この作品には二つの驚きの瞬間がある。一つは少年の正体について読者が知ることになる瞬間だ。少年が遠く離れた場所の様子を知ることが出来るという事実から、はじめ読者は彼が単純に超能力のような力を兼ね備えた人間であるように錯覚してしまうが、実は人間として欠損した部分のあることが終盤になって見て取れる。そこで初めて少年の目的を知ることになり、このおぞましい出来事そのものにギョッとすることになる。少年の姿の衝撃に思わず目を奪われてしまうだろうけれども、注意深く読んだならばこの時点である疑問を抱いていていいはずだ。すなわち、少年は自分の念頭にある対象が猫であるという事実に気づいていなかったんじゃないだろうかということだ。先に説明したように、彼は遠く離れた場所のことを把握したうえで心のつぶやきを読者に対して披露するんだけれども、「猫」という言葉は実は一度も使っていない。知らなかったと解釈するのが妥当だろう。次の驚きの瞬間、すなわち彼の取り乱した身振りと表情がその証拠だ。したがって、最初の驚きの前提となっている表現、すなわち左のページにおいて延々と同じ絵を使いまわしたことが、次の驚きを増幅させる仕組みになっていると言える。
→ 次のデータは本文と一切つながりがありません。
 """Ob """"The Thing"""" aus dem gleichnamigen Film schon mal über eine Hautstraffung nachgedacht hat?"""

絵は左のページが簡略化された筆致で描かれ、奥のほうから強い光が射していることを反映してほとんど影絵のようにディテールを曖昧にしたまま終始している。対照的に右側のページはメビウスの緻密な筆致で描かれ、左側のページで足りない情報を補うべく読者の凝視を誘うようになっている。つまり、この漫画の左右のページはそれぞれウエハースとアイスクリームのような関係になっていて、それを初めから終わりまで繰り返していることになる。メビウスの画力を活かすアイデアには違いない。しかし、作中でおそらく最も鮮烈で異様なものに違いないイメージは実は描かれていない。すなわち、結末で少年が見たものは実際には描かれず、言葉でも語られていない。与えられた設定から読者が想像するにまかせるということをやっている。これだけ大判の紙を使い、余白もあり余っているというのになんてもったいぶったことをしてるんだろうと愚痴りたくならないこともない。もっとも、作者が具体的なイメージを頭に描いていたかどうかはわからないが。
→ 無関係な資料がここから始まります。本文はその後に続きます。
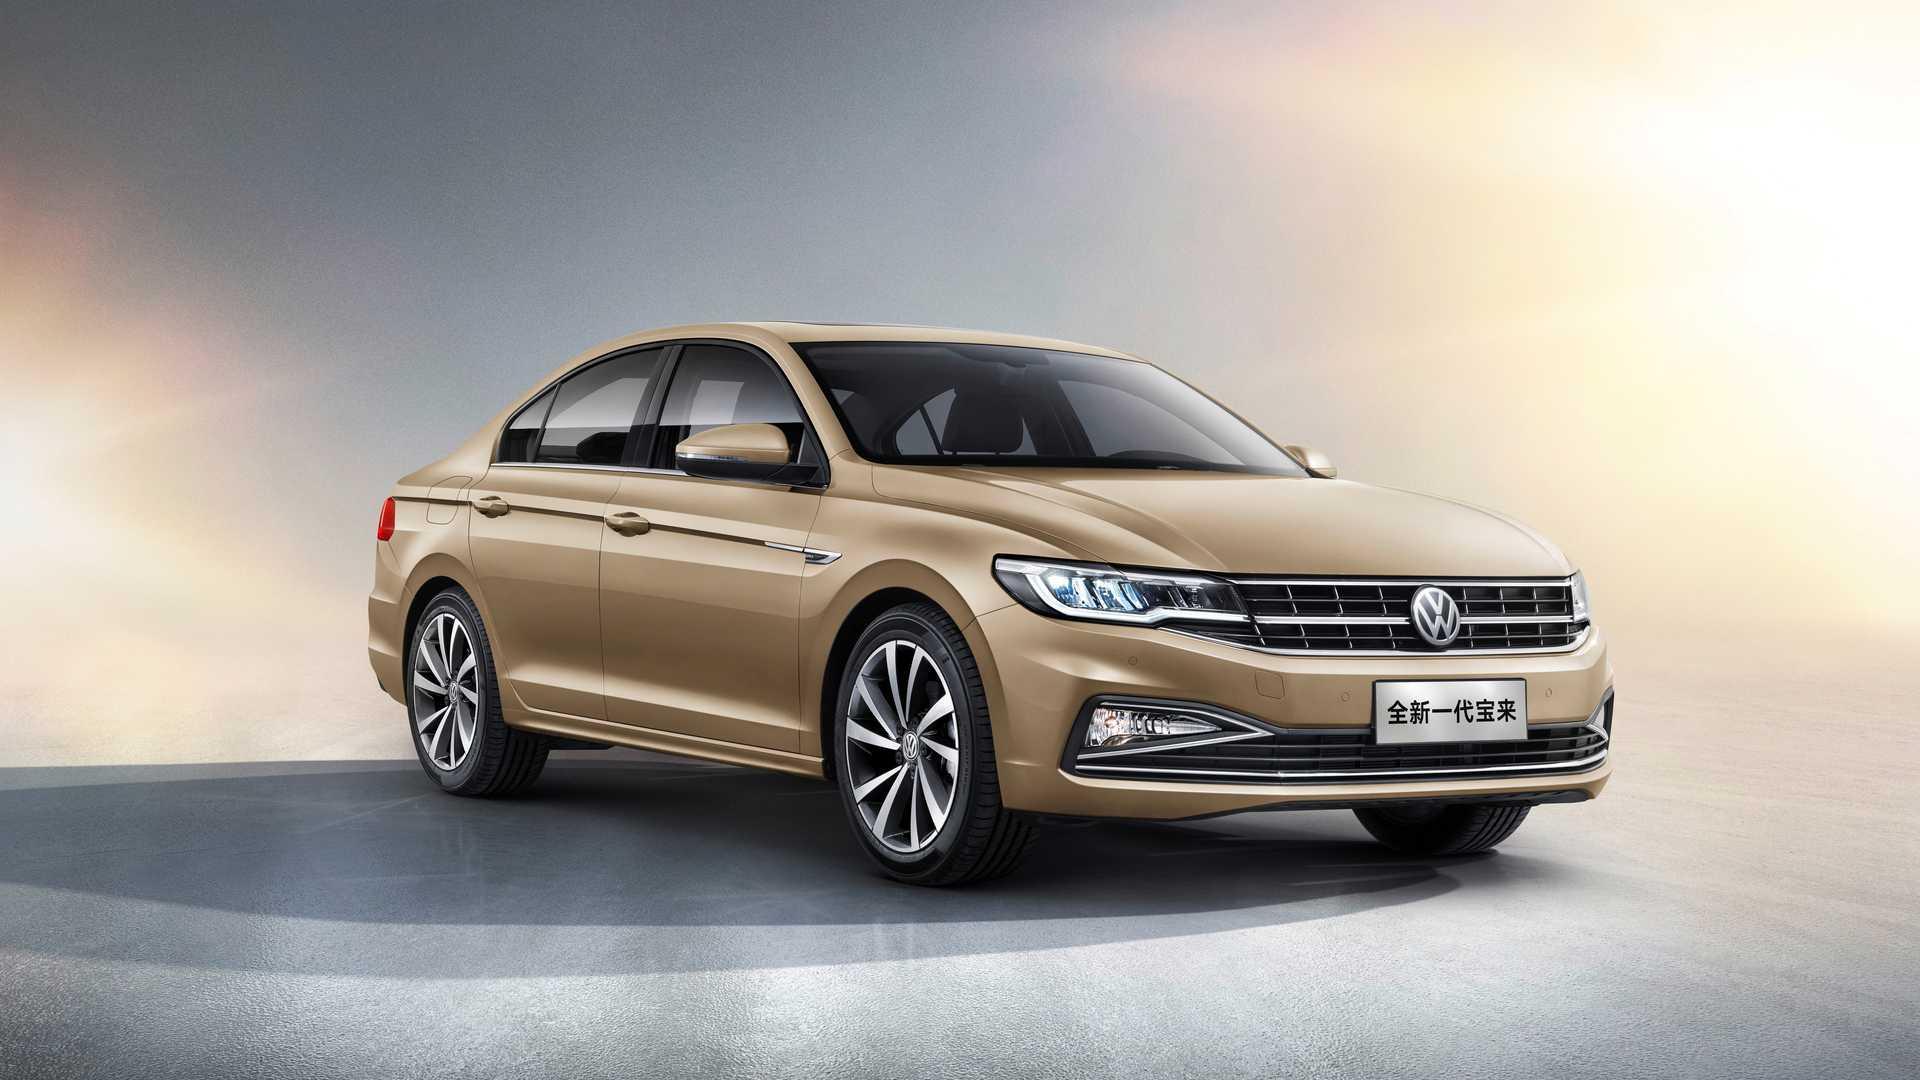 Proizvodnja automobila u Kini se vratila na 99,5 posto kapaciteta

結論としては、作者の意図したところを自分なりに理解して堪能したうえでも、お世辞にも満足したとは言えない。こういうのは一回読めばじゅうぶんだよと思う。この大判といい、ストーリー性を棚上げした詩のような作風といい、効果の割にずいぶんと大げさで示威的なことをやっているように感じられてならない。メビウスが新しくページを仕上げるたび、ホドロフスキーは往復60マイルを行き来して観に行ったというが、僕には到底理解できそうにない境地だ。